→ **EXERCISE DETAILS**: Beginning with the line that contains "Sgt. Tommy Prince", repeat each line exactly through the end of the listing below. Pictures stay out.

→ **DATA SEGMENT**:
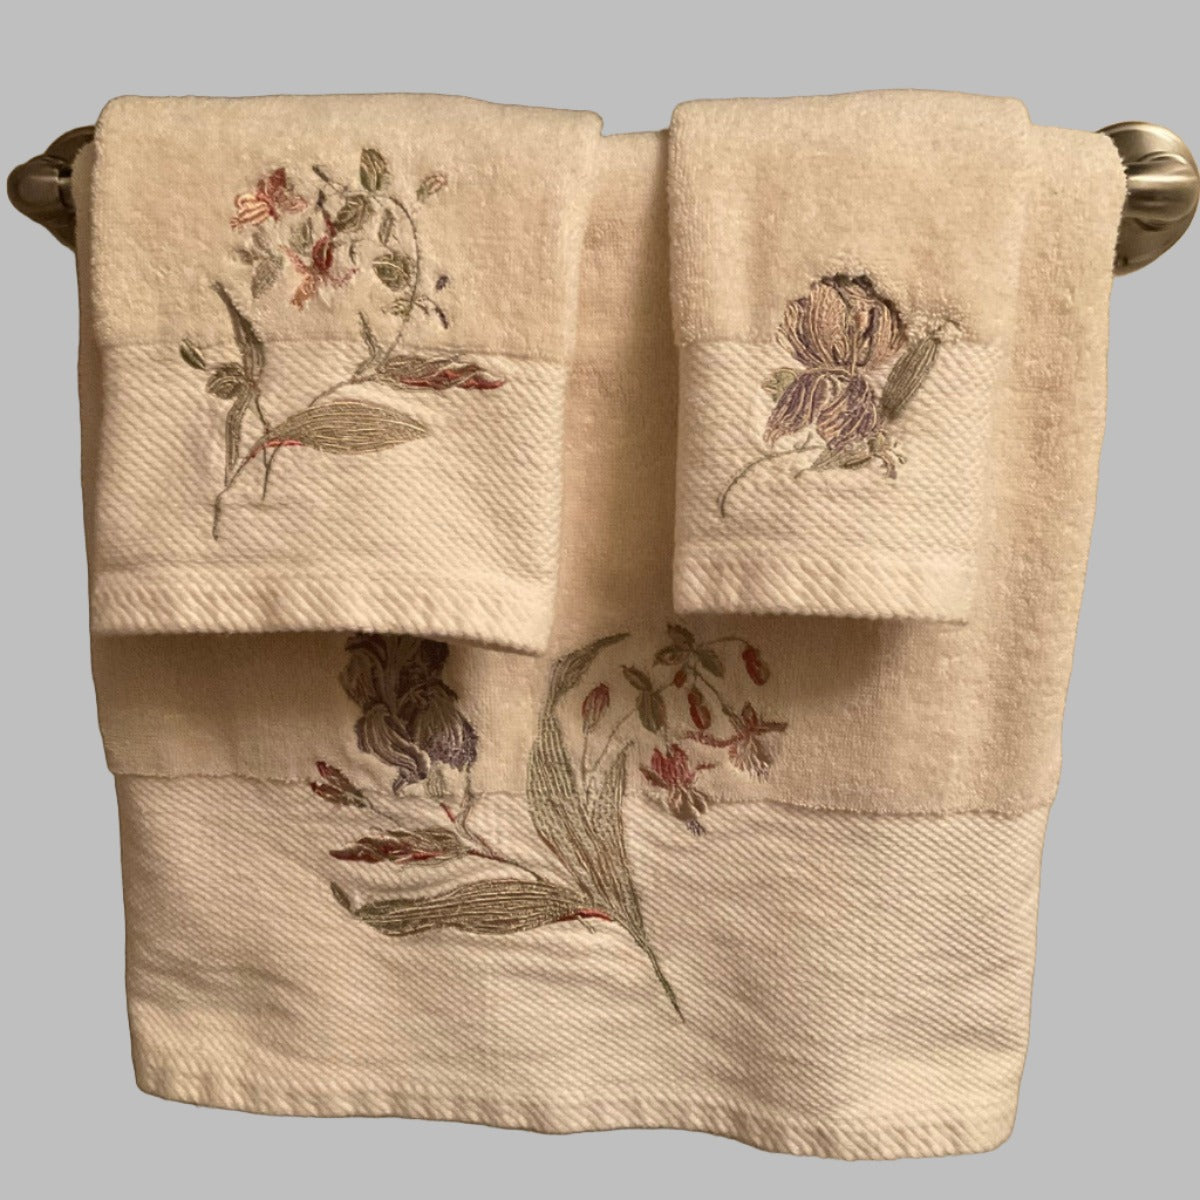 Bathroom Towels with Floral Pattern - Set of 3
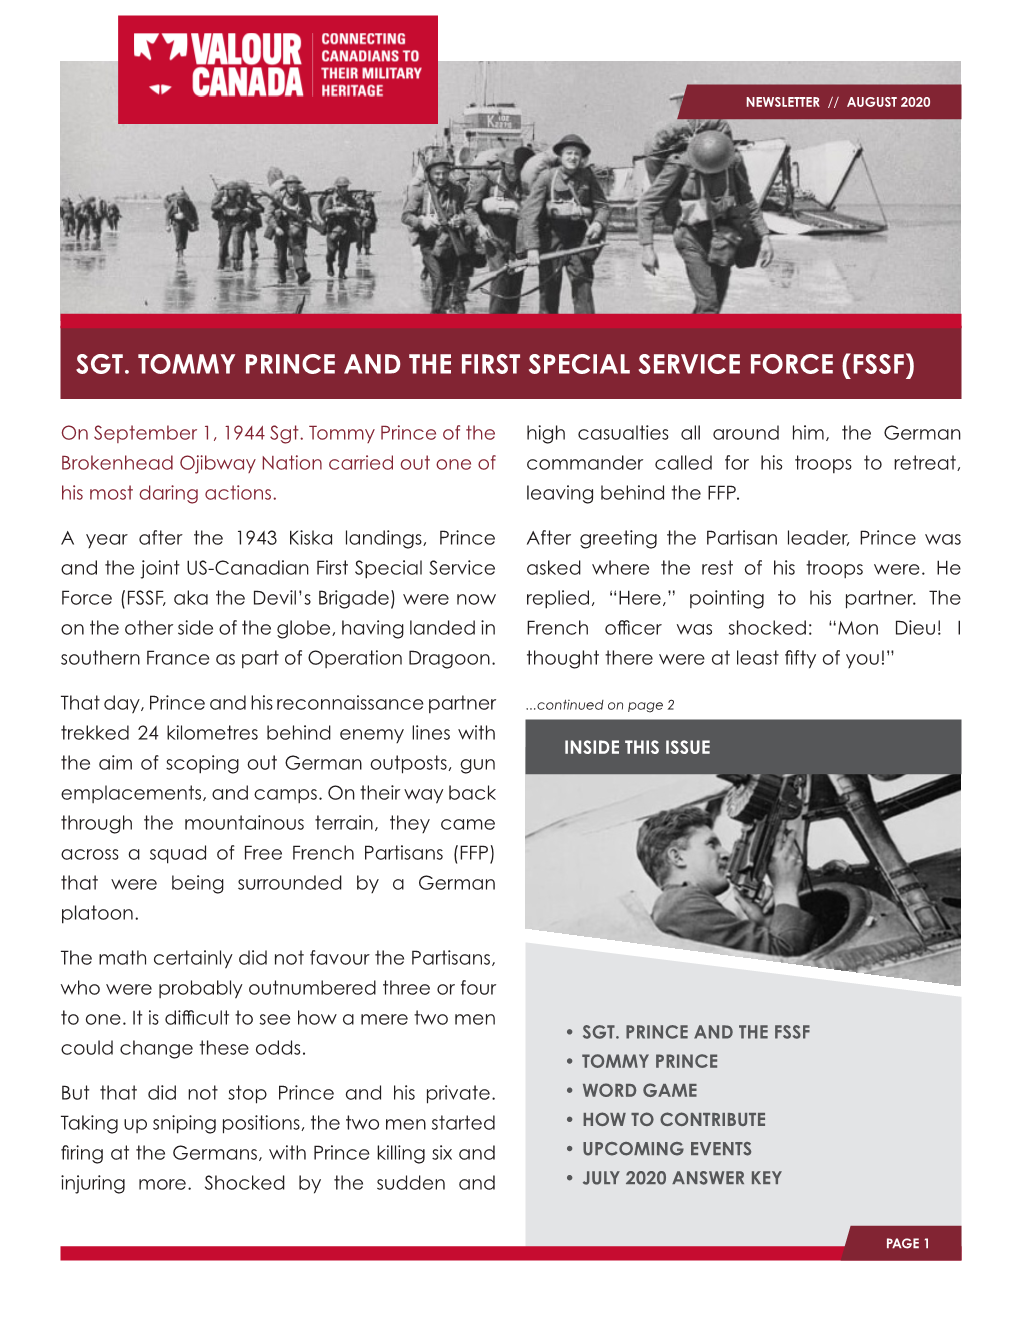 Sgt. Tommy Prince and the First Special Service Force (Fssf)
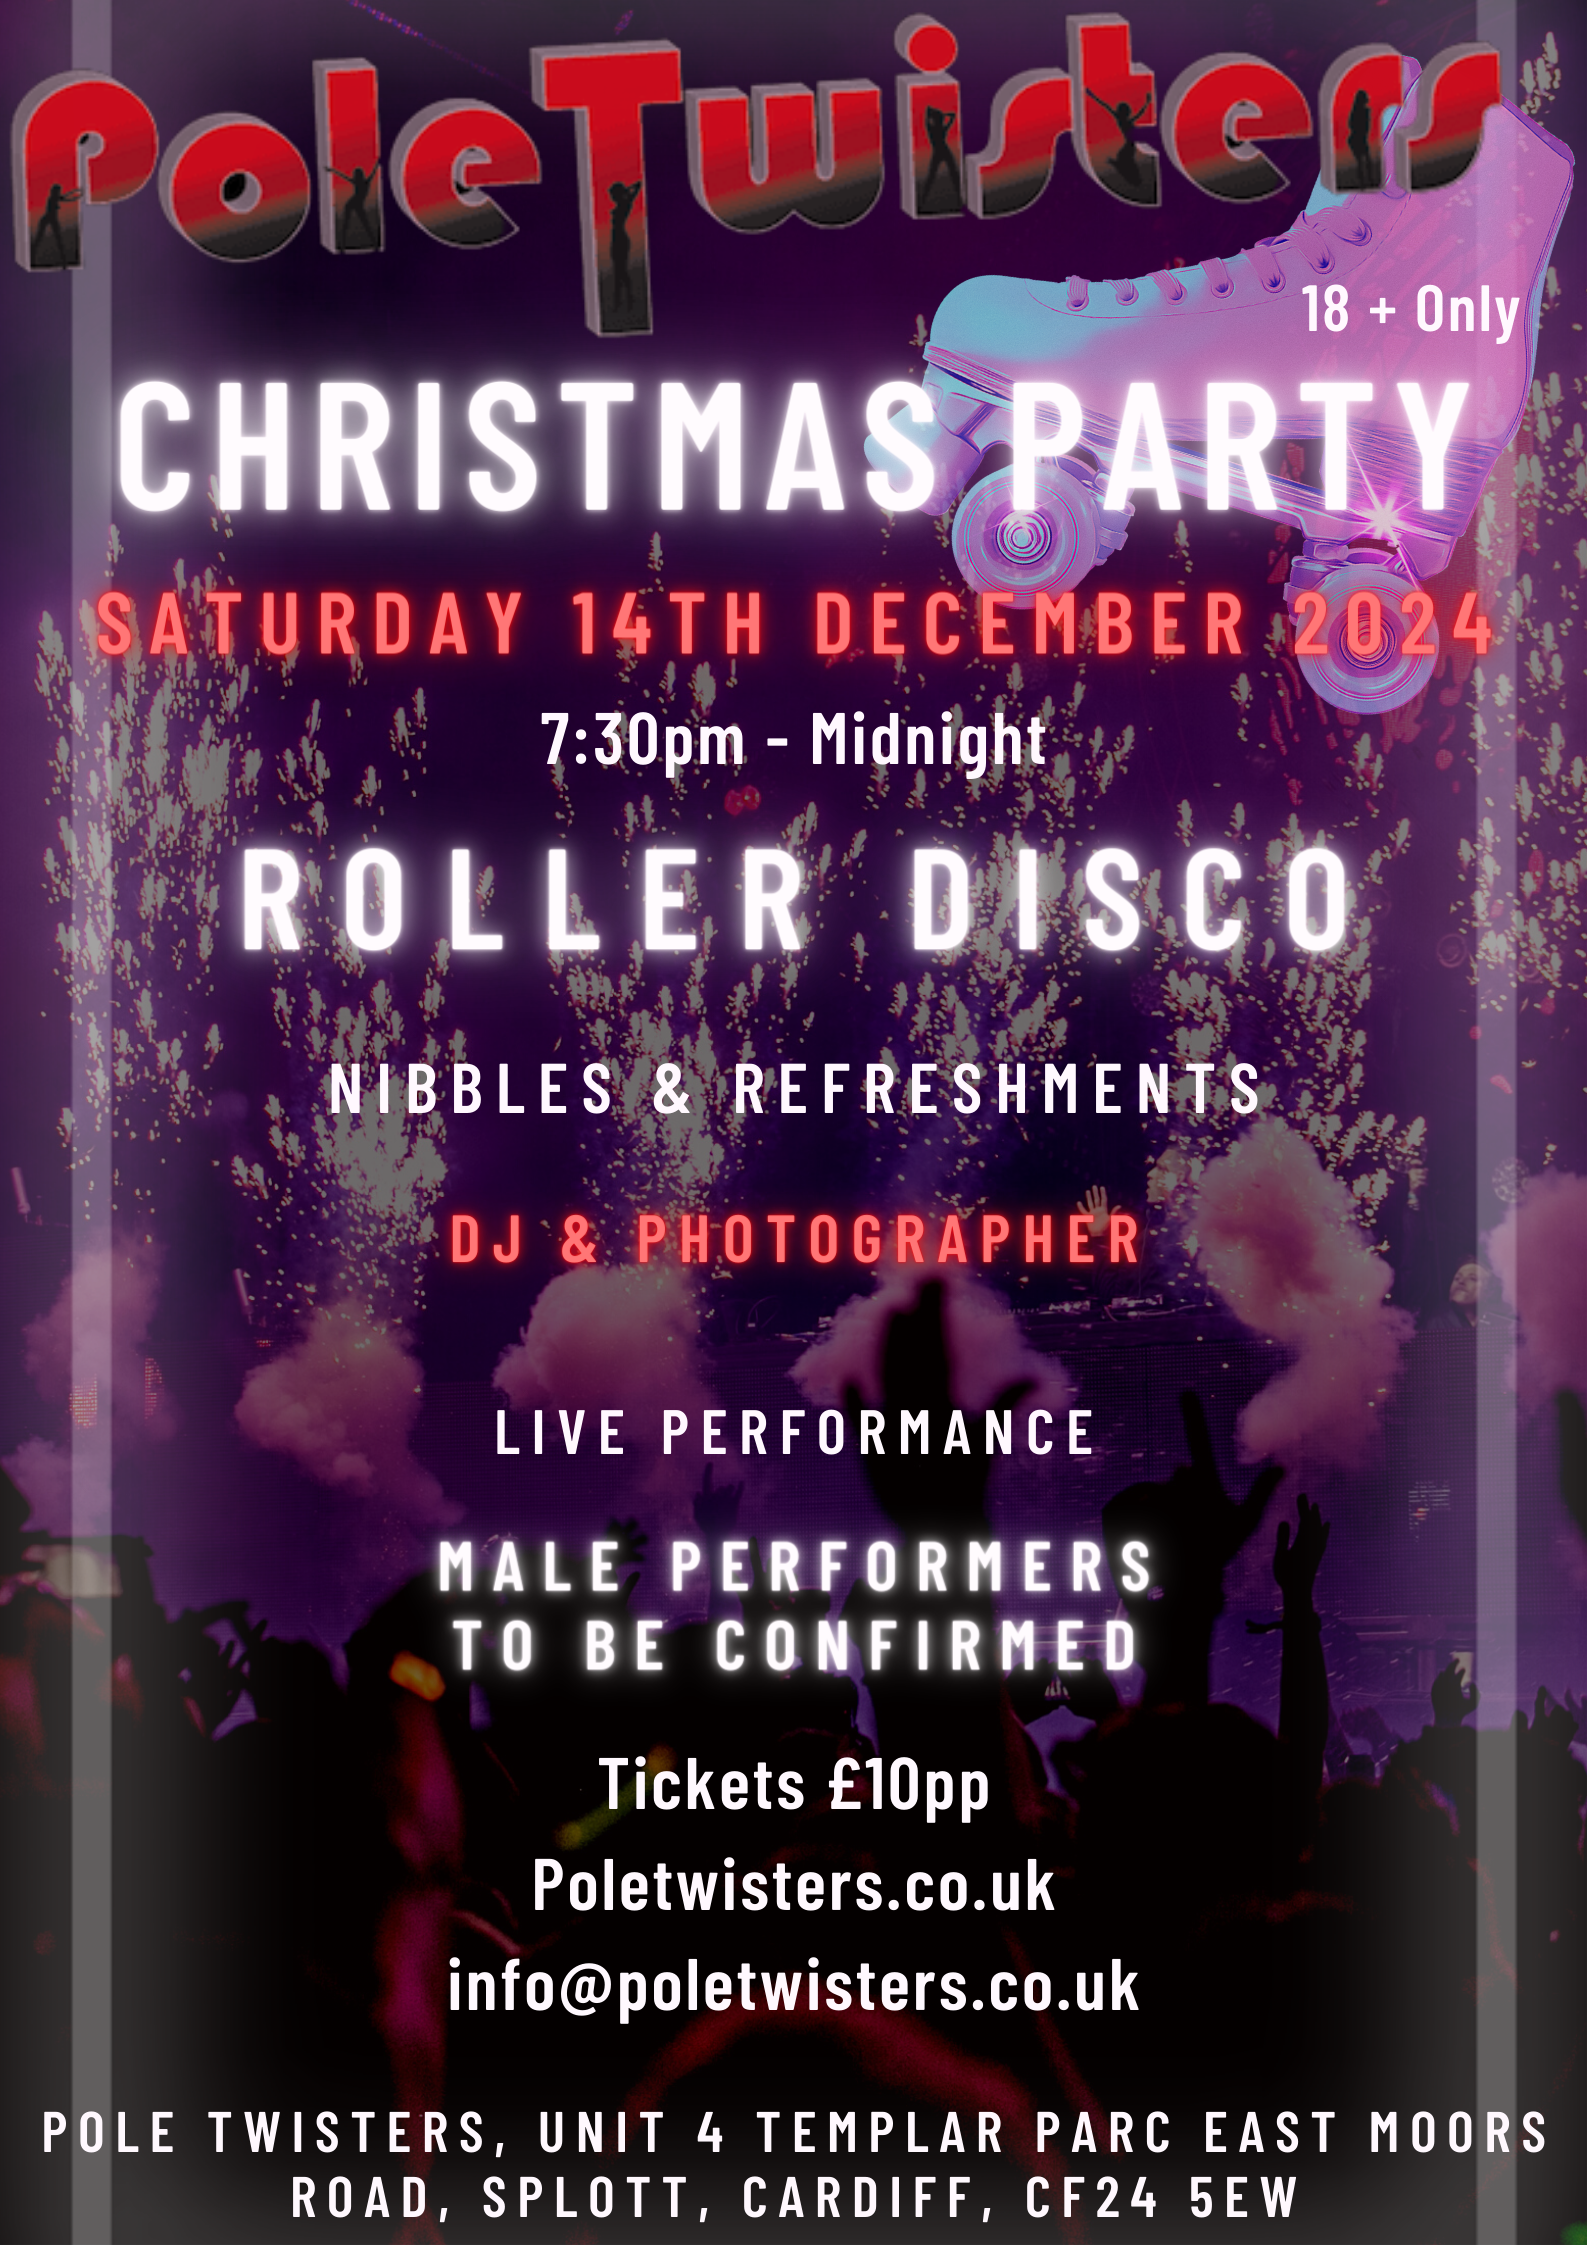 Pole Twisters Christmas Party 2023 in Cardiff with roller disco and male strippers

→ **TASK RESULT**:
 Sgt. Tommy Prince and the First Special Service Force (Fssf)
 Pole Twisters Christmas Party 2023 in Cardiff with roller disco and male strippers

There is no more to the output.